With pictures excluded, repeat exactly the lines from the one containing "Ring Shank Nails 25mm 1kg Tub Cat No 10098" through the last line of the material below.
--- Recorded data ---
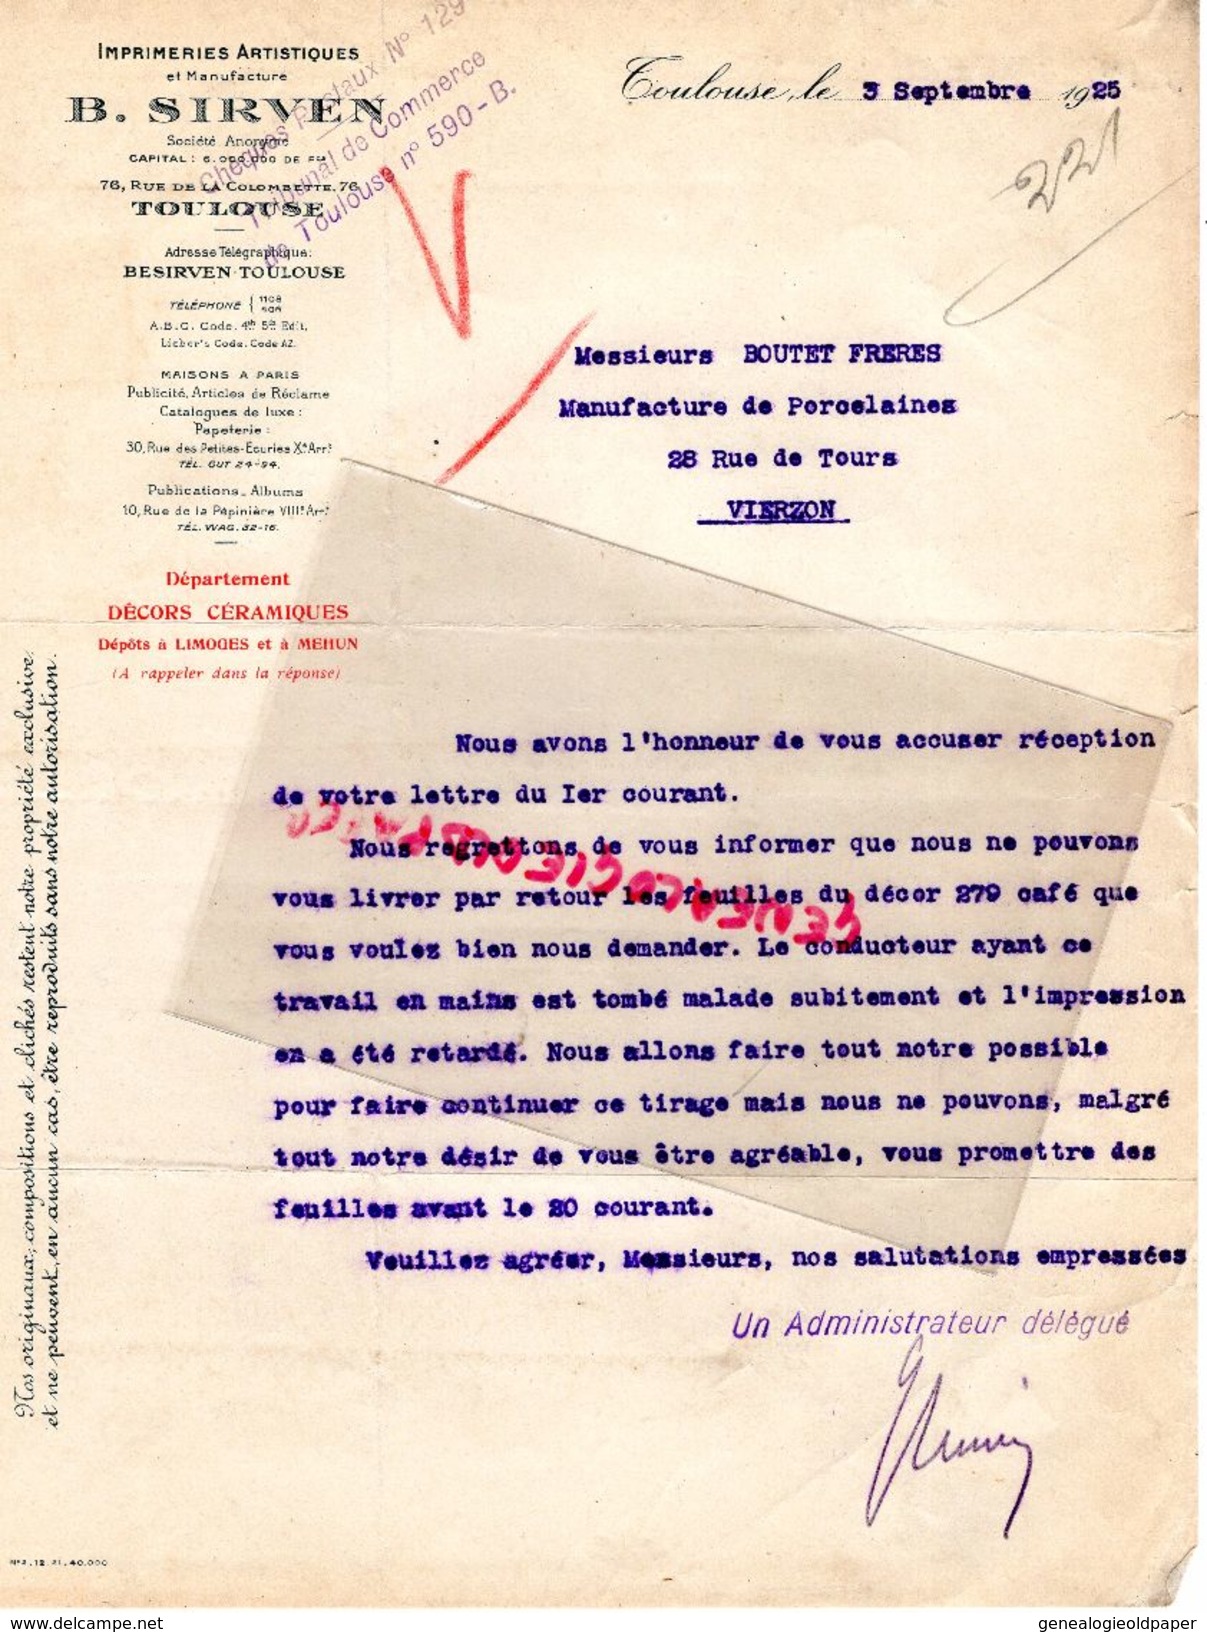 31- TOULOUSE- LETTRE B. SIRVEN- IMPRIMERIE ARTISTIQUE MANUFACTURE-76 RUE COLOMBETTE- 1925 - Druck & Papierwaren
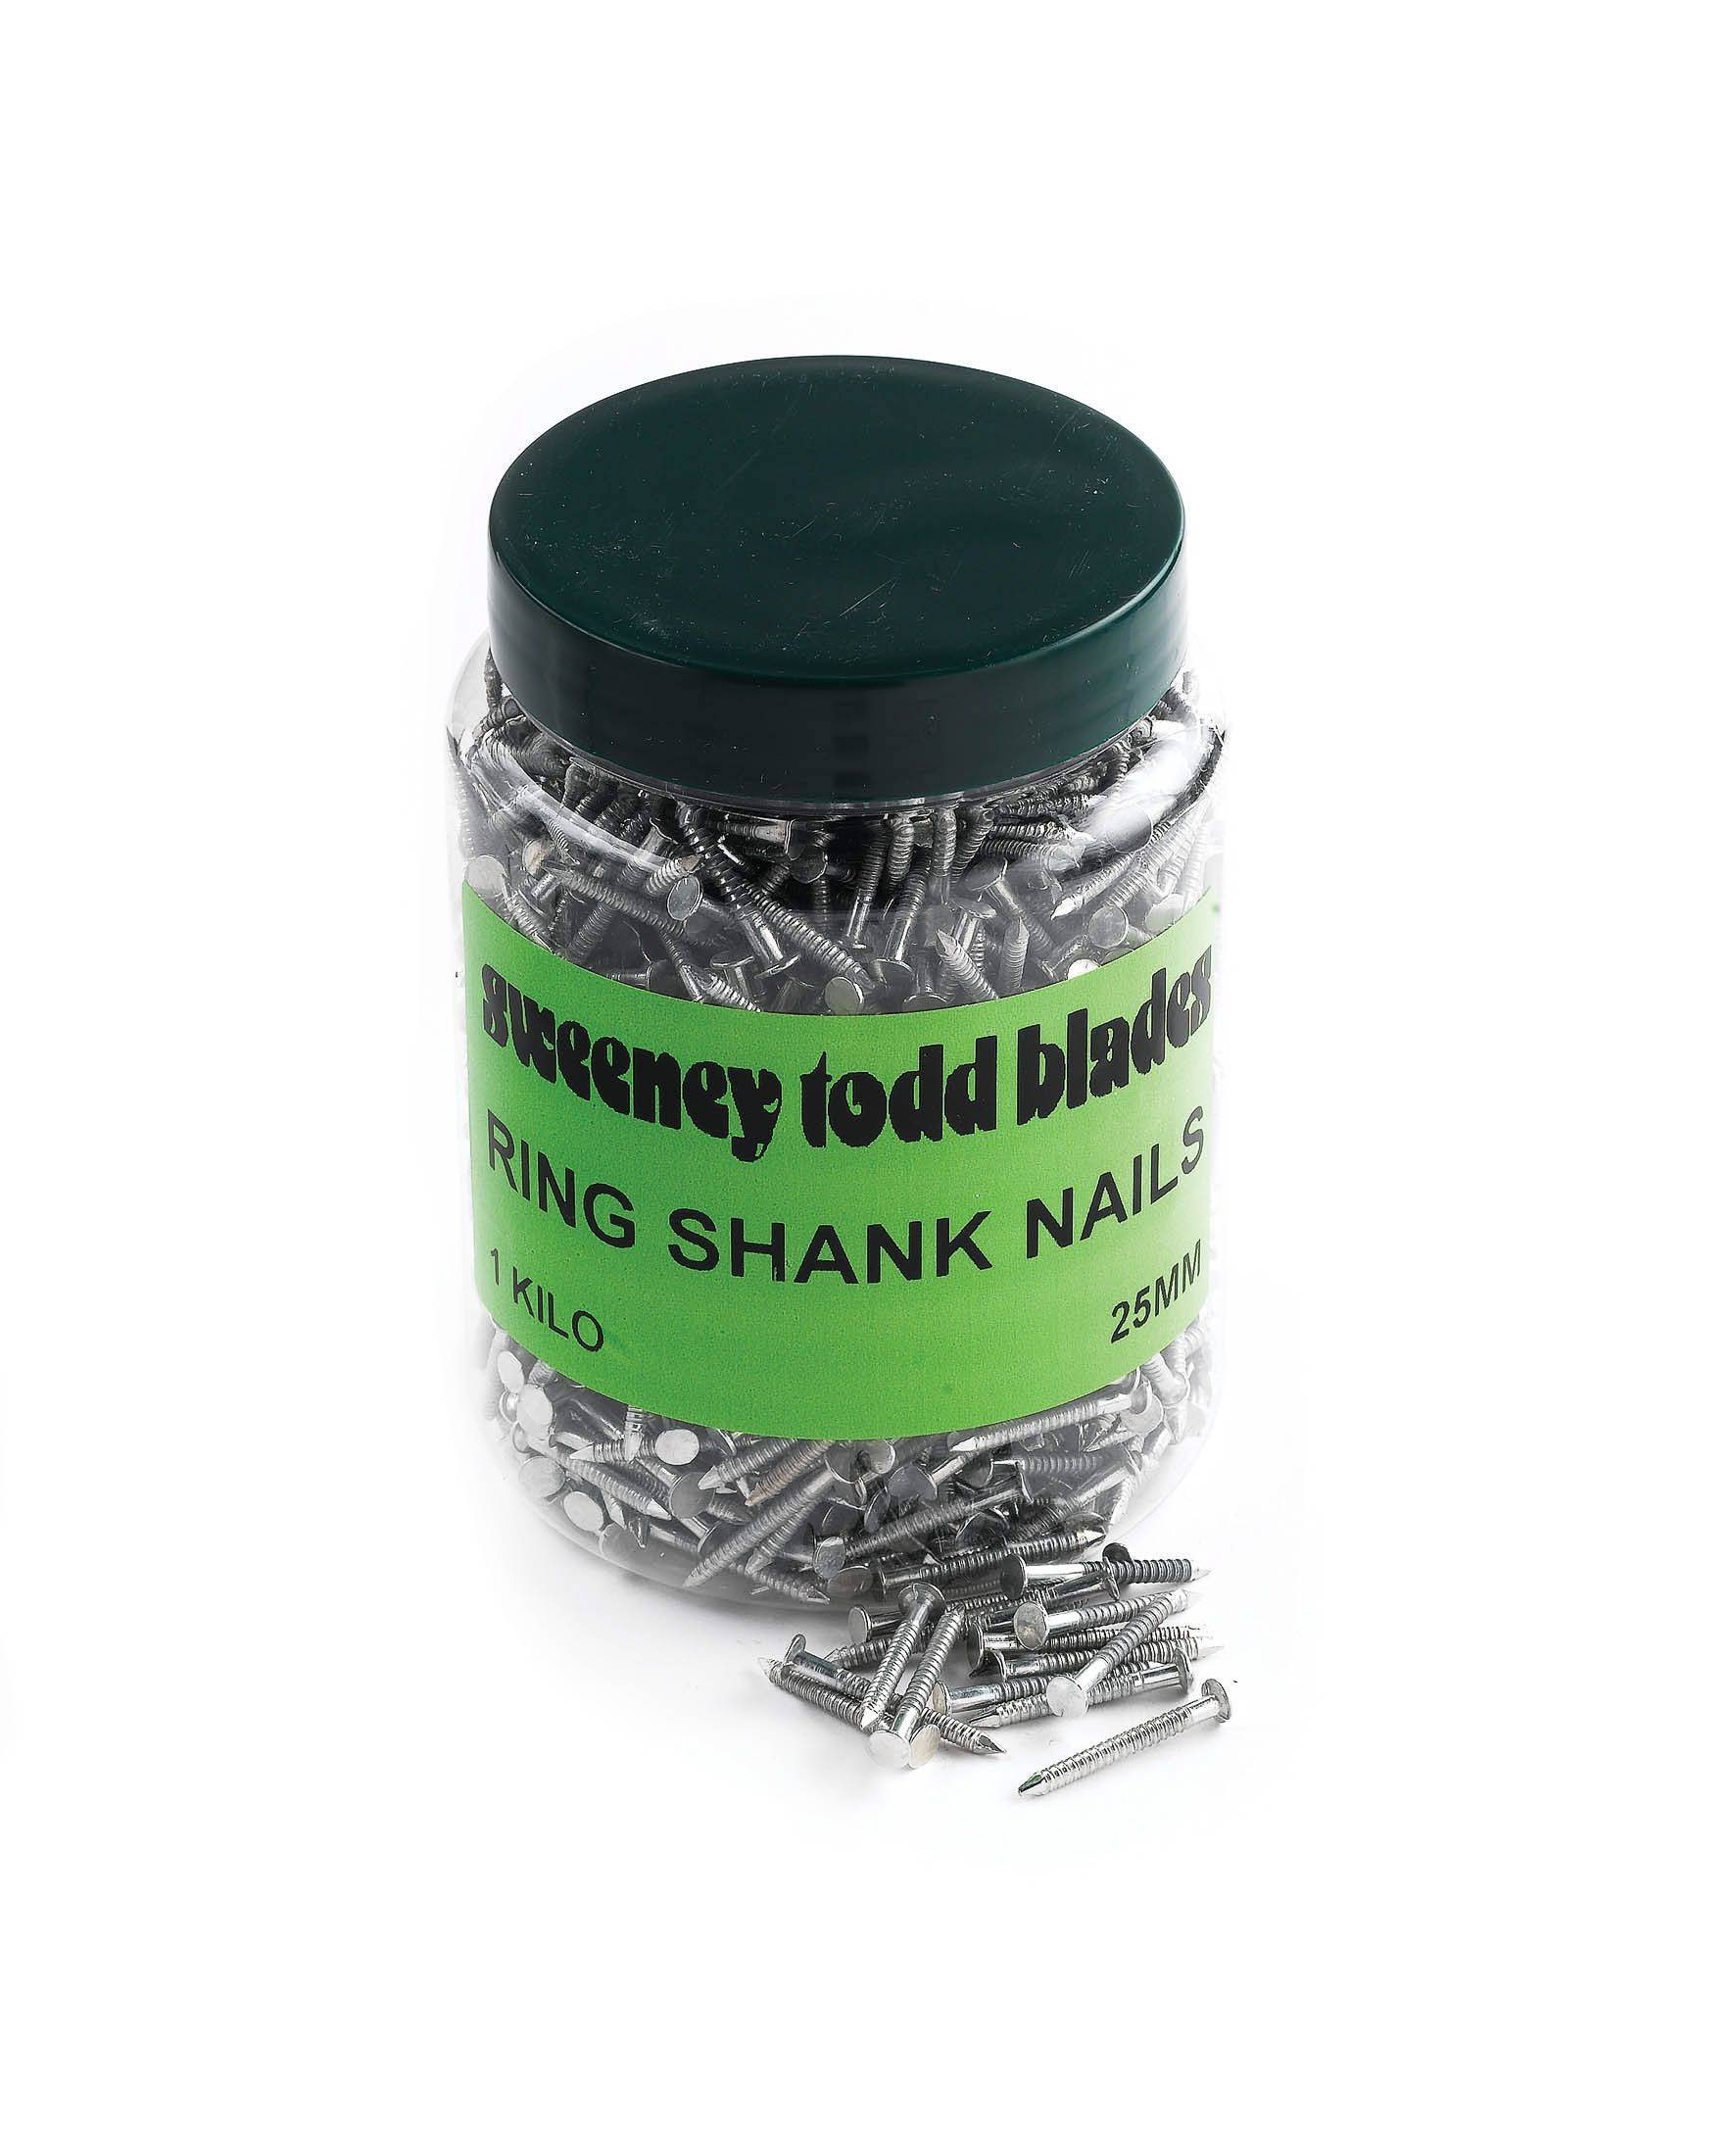 Ring Shank Nails 25mm 1kg Tub Cat No 10098
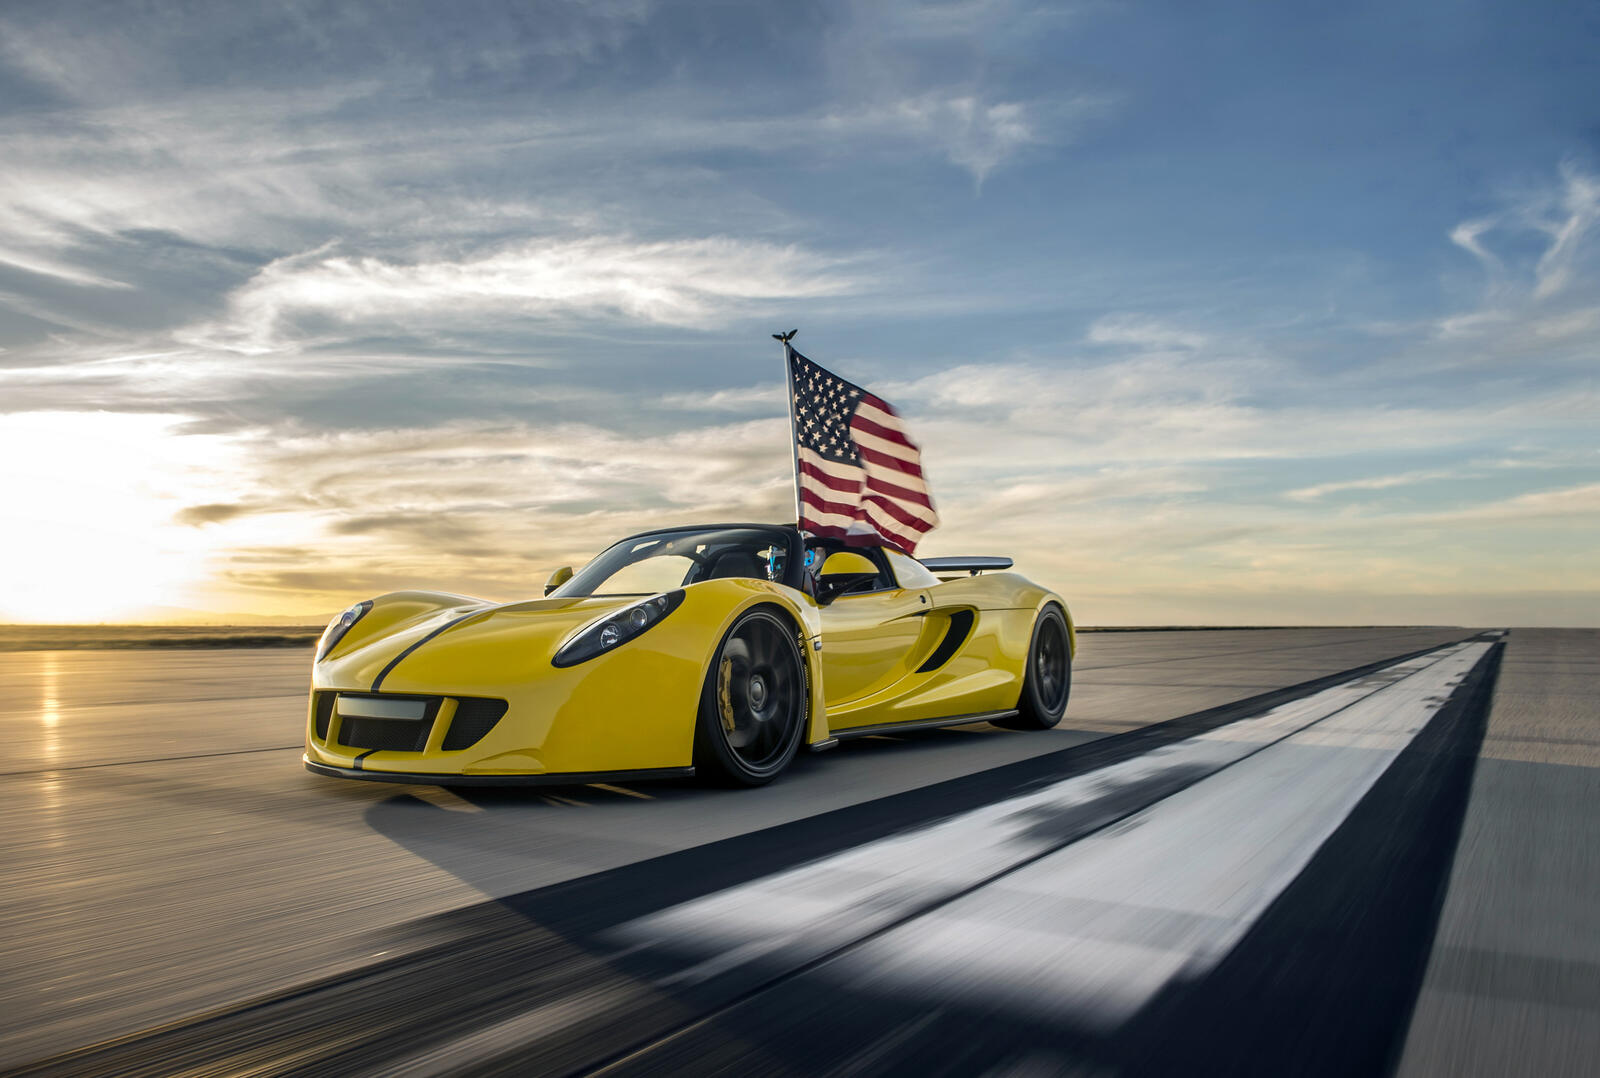 Бесплатное фото Желтый Hennessey Venom GT едет по взлетной полосе с американским флагом который развивается на ветру
---
Exercise output
 Ring Shank Nails 25mm 1kg Tub Cat No 10098
 Бесплатное фото Желтый Hennessey Venom GT едет по взлетной полосе с американским флагом который развивается на ветру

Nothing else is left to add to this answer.